Jordan is an energetic 9-year-old who enters a room with a bounce in her step. She likes to write, color and play with her friends. Her face lights up as she sifts through a bin of toys with her younger brother, finding treasures among the cars, trucks and rainbow-colored stuffed frogs, following a check-up at the BMT Clinic at University of Minnesota Medical Center, Fairview.
Her mom, Laurie, delights in this moment of normalcy—a moment she had been waiting for since 1997 when Jordan was diagnosed with Fanconi anemia, a rare, inherited disease that causes bone marrow failure.
Jordan’s family was introduced to the disease by a fever that just wouldn’t come down. A low platelet count and bruising led to further tests that confirmed her diagnosis.
“The first thing I thought was ‘what is it?’ I’m a nurse, and I had never heard of it,” Laurie says of the disease.

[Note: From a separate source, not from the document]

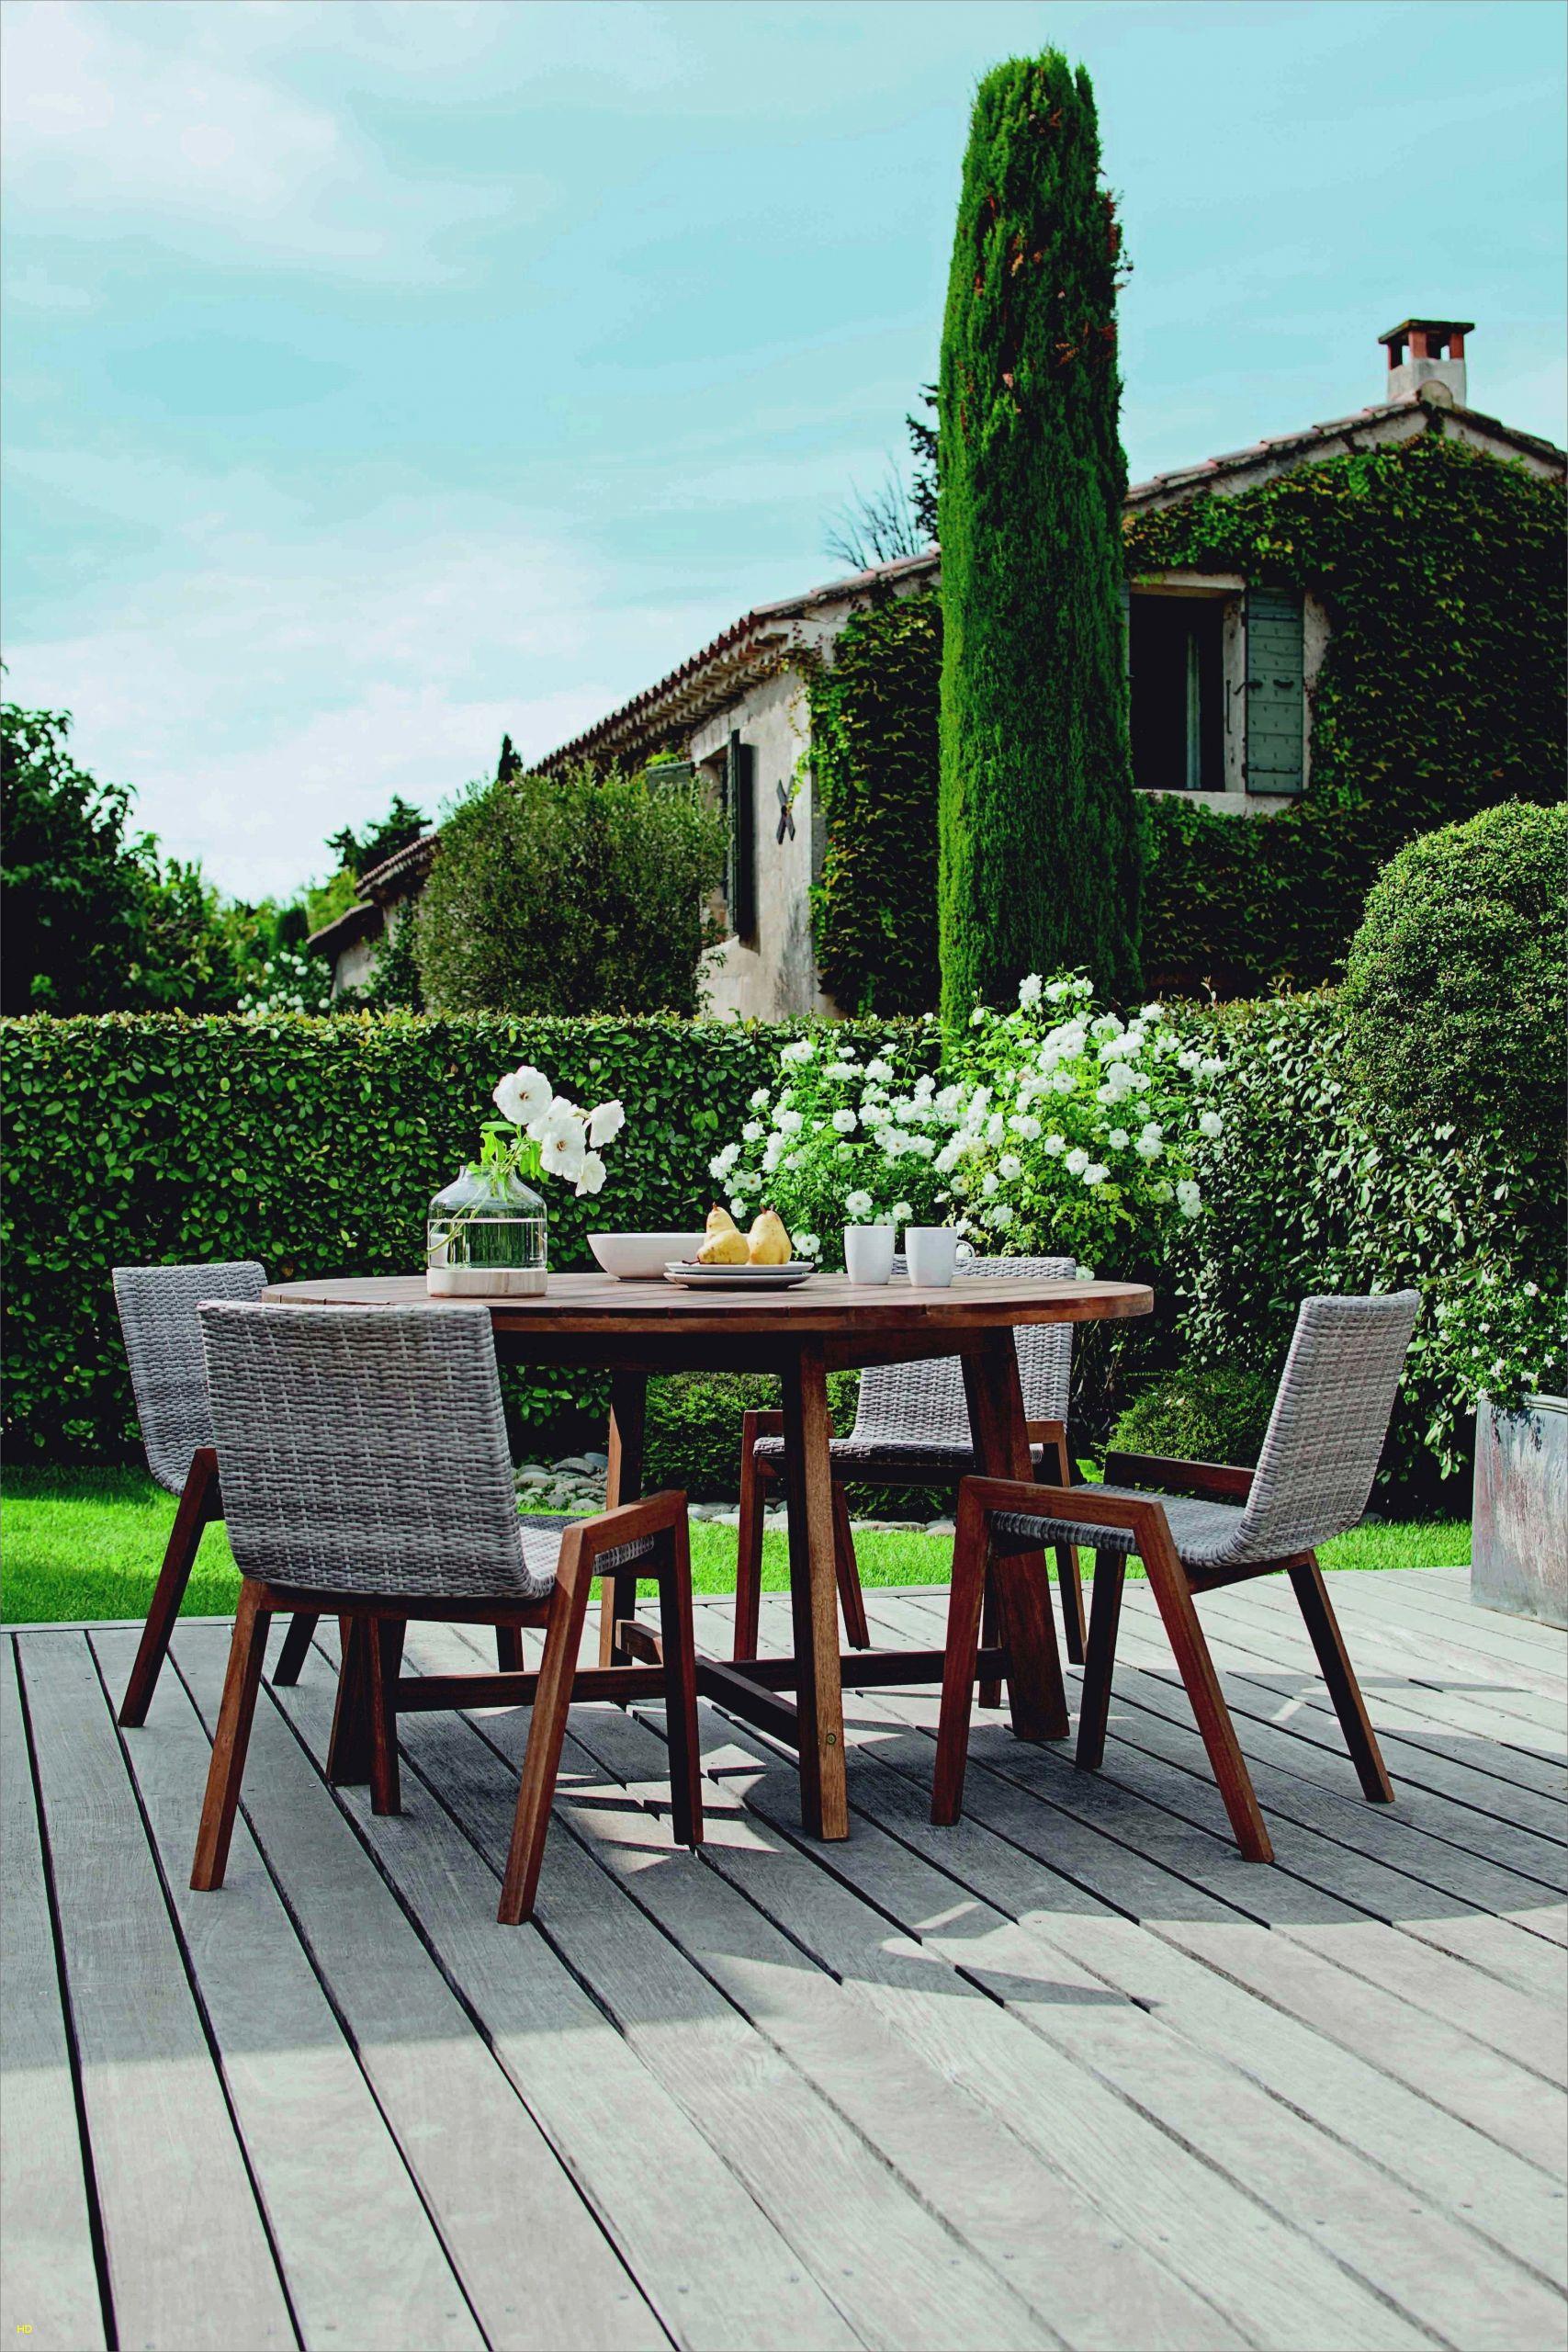 Solde Salon Jardin Best Of Salon De Jardin Leclerc Catalogue ... encequiconcerne Mobilier De Jardin Leclerc

After researching Fanconi, Laurie discussed options with Jordan’s doctor. “He said we could treat her so she could have a fuller life or ‘put her in a glass bubble,’ basically do nothing,” protecting her compromised immune system. They chose the former.
At her doctor’s recommendation, in 2001, Jordan came to University of Minnesota Medical Center, home to the world-renown Fanconi Anemia Comprehensive Care Program—the single largest treatment center for FA patients in the United States. Here she received an unrelated donor umbilical cord blood transplant. Fairview-University BMT Services is one of the nation’s largest cord blood transplant programs.
While waiting for the transplant to take was most difficult for the family, Laurie says she appreciated most the care that the nurses and doctors, especially Jordan’s doctor, Margaret MacMillan, M.D., University of Minnesota Physicians. “She’s wonderful,” Laurie says.
Now Jordan is back in school with her friends and has taken up ballet dancing. “We chose to let her live her life,” says Laurie. And she is, every step of the way.